Baseline Demographic Characteristics: Intervention (I) and Assessed Control (AC) Groups.
| I (n=68) | AC (n=71) | p-value | |
|---|---|---|---|
| N (%) | N (%) | ||
| Age | |||
| ≤ 17 | 20 (29.4) | 21 (29.6) | 0.983 |
| ≥ 18 | 48 (70.6) | 50 (70.4) | |
| Sex | |||
| Male | 25 (36.8) | 23 (32.4) | 0.588 |
| Female | 43 (63.2) | 48 (67.6) | |
| Race | |||
| Black/African American | 57 (83.8) | 55 (77.5) | 0.394* |
| Hispanic/Latino | 7 (10.3) | 11 (15.5) | |
| White | 3 (4.4) | 5 (7.0) | |
| Other | 1 (1.5) | 0 | |
| Primary language | |||
| English | 62 (91.2) | 62 (87.3) | 0.796* |
| Other: Spanish, Haitian Creole, Cape Verdean | 6 (8.8) | 9 (12.7) | |
| Marijuana use in last 30 days | |||
| 1–9 times | 26 (38.3) | 30 (42.3) | 0.629 |
| 10 or more times | 42 (61.7) | 41 (57.7) | |
| PTSD + | 22 (32.4) | 18 (25.4) | 0.362 |
| Depression + | 10 (15.2) | 6 (8.5) | 0.222 |
| Risk-taking + | 10 (14.7) | 13 (18.3) | 0.568 |
| Marijuana use prior to injury | 8 (11.8) | 9 (12.7) | 0.870 |
P-values from chi-square tests or Fisher’s exact tests (Fisher’s exact test denoted by an asterisk).
Although there were no significant differences at baseline of risk behaviors, the I group used marijuana on more days per month (19 (sd 10.9)) than the AC group (15.3 (sd 10.1) as measured by TLFB (see Table 2).
Table 2.
Baseline Risk Factors by Randomization Group: Intervention (I) and Assessed Control (AC) Groups.

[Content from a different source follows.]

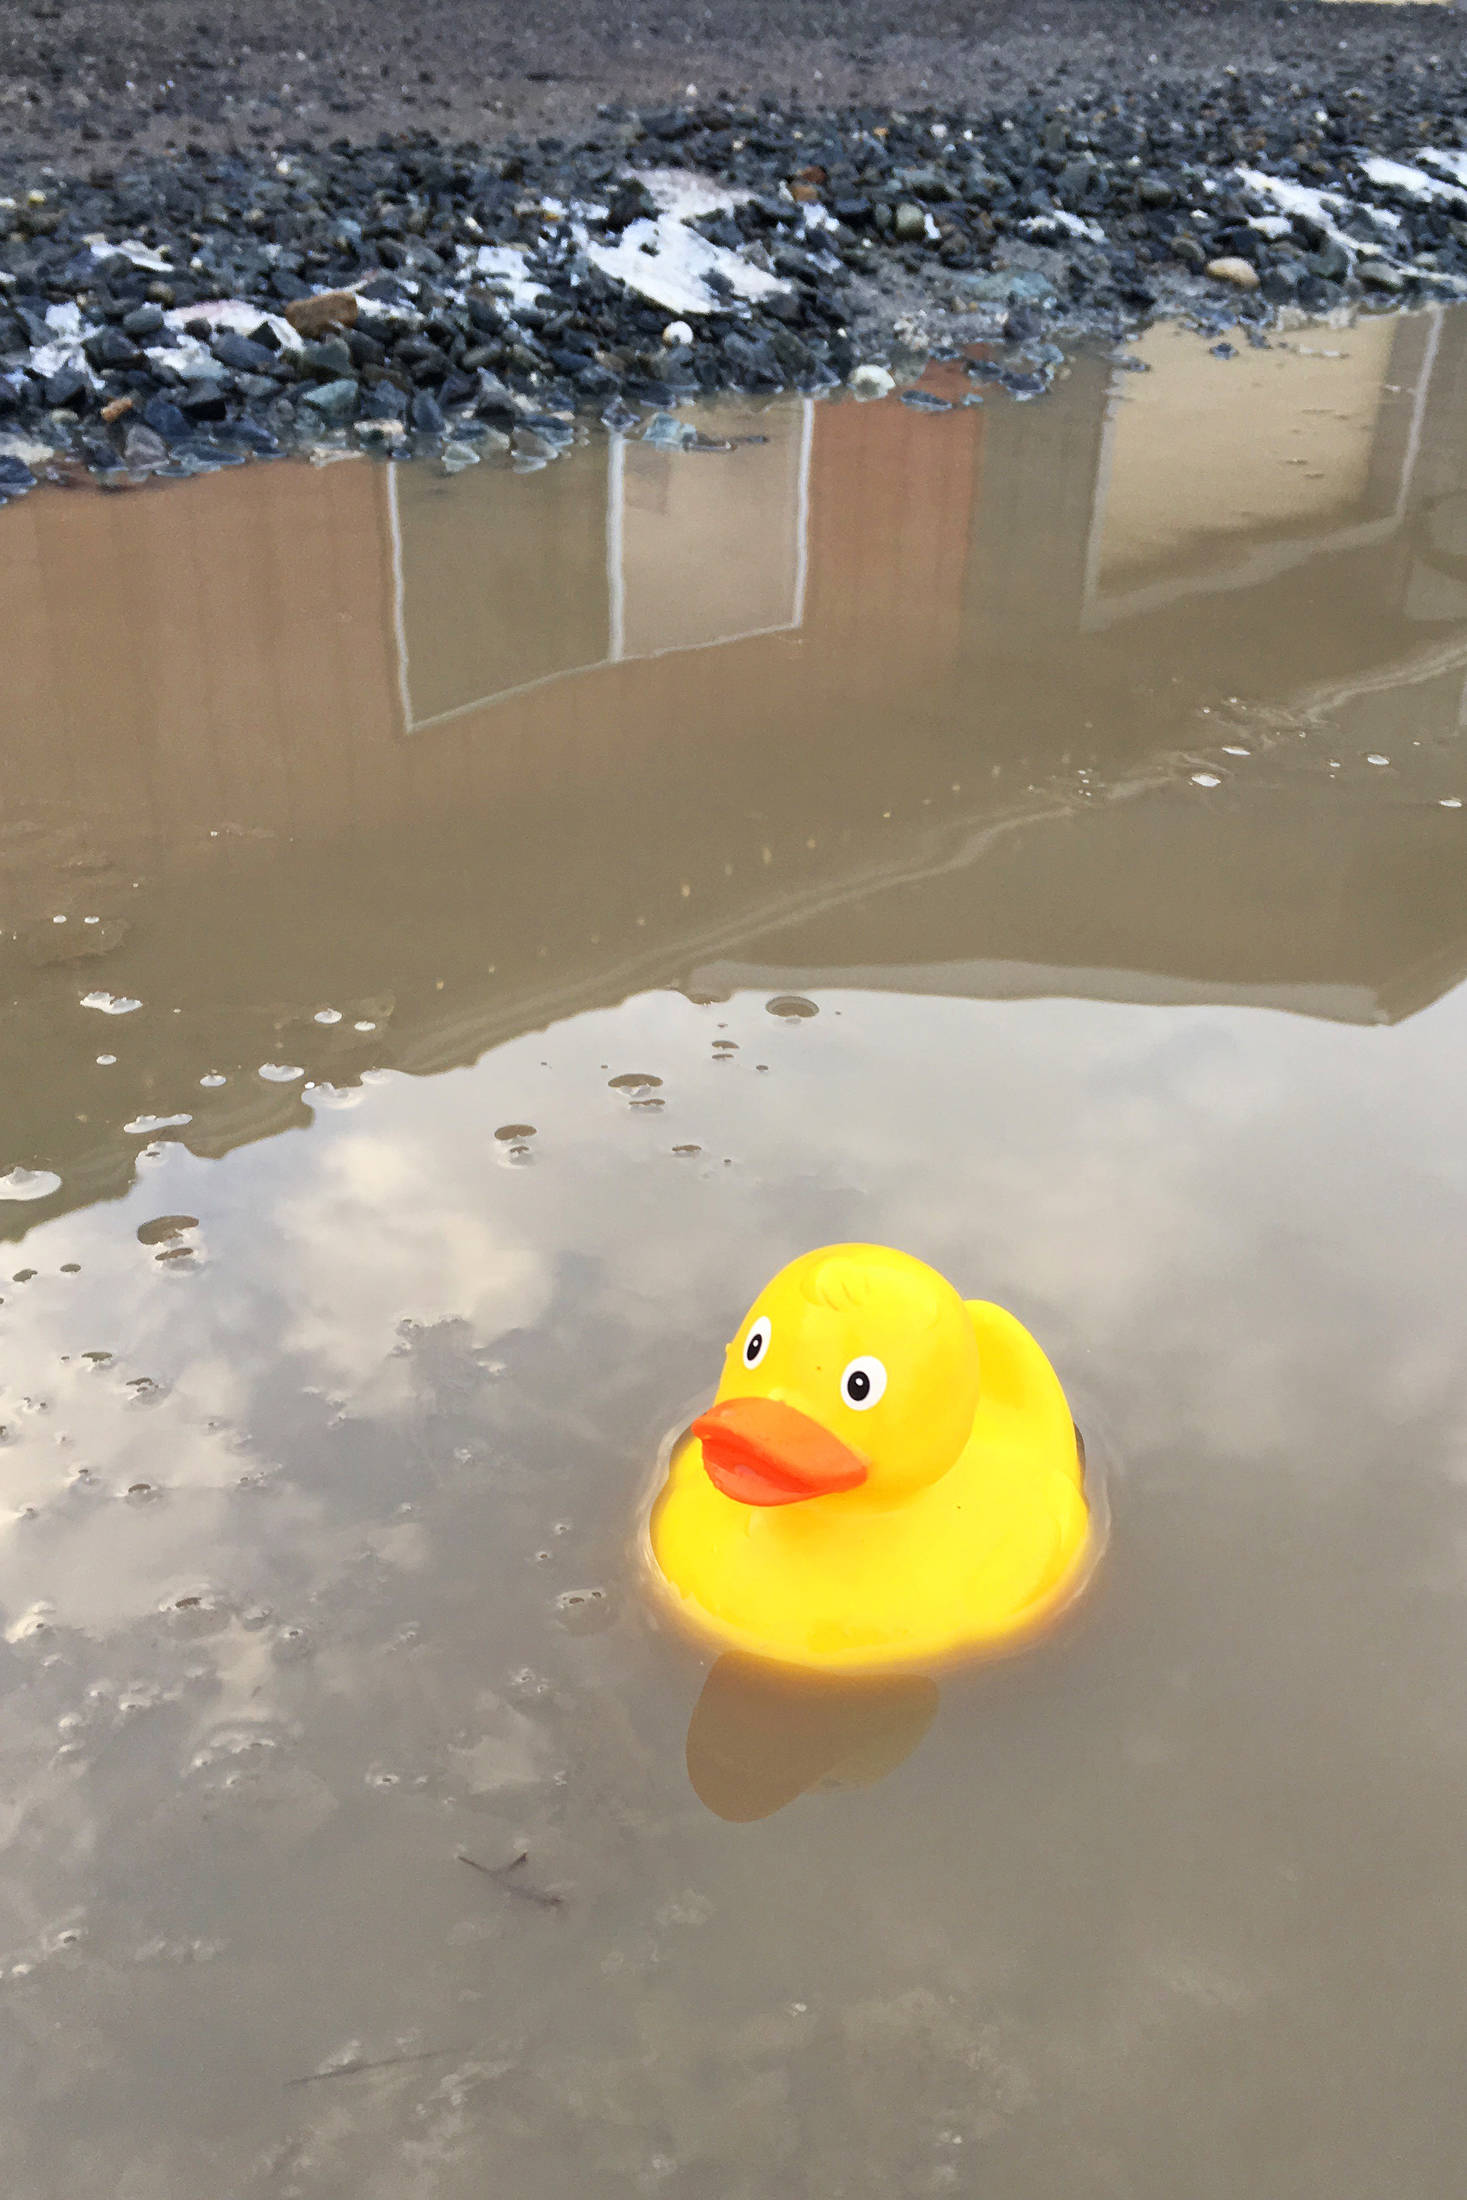 A small rubber duck rests in a puddle, welcoming customers on their way into The Bagel Shop, on Monday, Nov. 19, 2018 on East End Road in Homer, Alaska. (Photo by Megan Pacer/Homer News)

| I (n=68) | AC (n=71) | p-value | |
|---|---|---|---|
| Mean (SD) | Mean (SD) | ||
| Times per month using marijuana (TLFB) | 19.0 (10.9) | 15.3 (10.1) | 0.039 |
| In the last 30 days: | N (%) | N (%) | p-value |
| Got in fight after using marijuana | 3 (4.4) | 3 (4.3) | 1.0* |
| Drove a car after using marijuana | 9 (13.2) | 10 (14.7) | 0.804 |
| Rode in a car with person who was drunk/high | 16 (23.5) | 12 (17.4) | 0.373 |
| Got injured after using marijuana | 2 (2.9) | 0 | 0.241* |
| Got arrested after using marijuana | 1 (1.5) | 1 (1.5) | 1.0* |
| Had sex without a condom after using marijuana | 9 (13.2) | 9 (12.9) | 0.980 |
For measurement variables, p-value from t-test. For categorical variables, p-values from chi-square tests or Fisher’s exact tests (Fisher’s exact test denoted by an asterisk).
Intervention effects
All scored Adherence Checklists met the required cut-off of 80 out of 100 points.
Abstinence (see Table 3)
Table 3.
Comparison by randomization group of marijuana abstinence (among smokers) at 3 and 12 month follow-up by Timeline Followback 30 day recall.
| I | AC | Odds Ratio | 95 % CI | p value | |
|---|---|---|---|---|---|
| At 3 months | (n=42) | (n=55) | |||
| abstinent | 6 | 7 | 1.15 | 0.36, 3.73 | 0.814 |
| not abstinent | 35 | 47 | |||
| At 12 months | (n=47) | (n=55) | |||
| abstinent | 21 | 12 | 2.89 | 1.22, 6.84 | 0.014 |
| not abstinent | 26 | 43 | |||
There was no significant difference in marijuana use in the past 30 days at the three-month follow-up between the I and the AC groups. At the 12 month follow-up, however, 45% of the intervention group were marijuana abstinent as measured by TLFB, compared to 22% of the assessed controls (OR 2.89, 95%CI 1.22, 6.84, p<0.014).
Although the I and the AC groups were similar in demographics and marijuana use at baseline, and similar in demographics at follow-up (see Table 4), there was a differential loss in numbers followed between the two groups at 12 months. For this reason we ran a sensitivity analysis, assuming the position that all subjects lost to follow-up were not abstinent (see Table 5). Although the results of this analysis only bordered on significance (p=.053, 95%CI 0.98, 4.92), the odds ratio did remain above 2 in this worst-case scenario.
Table 4.
Comparison of baseline factors between those followed and those lost to follow-up at 12 months.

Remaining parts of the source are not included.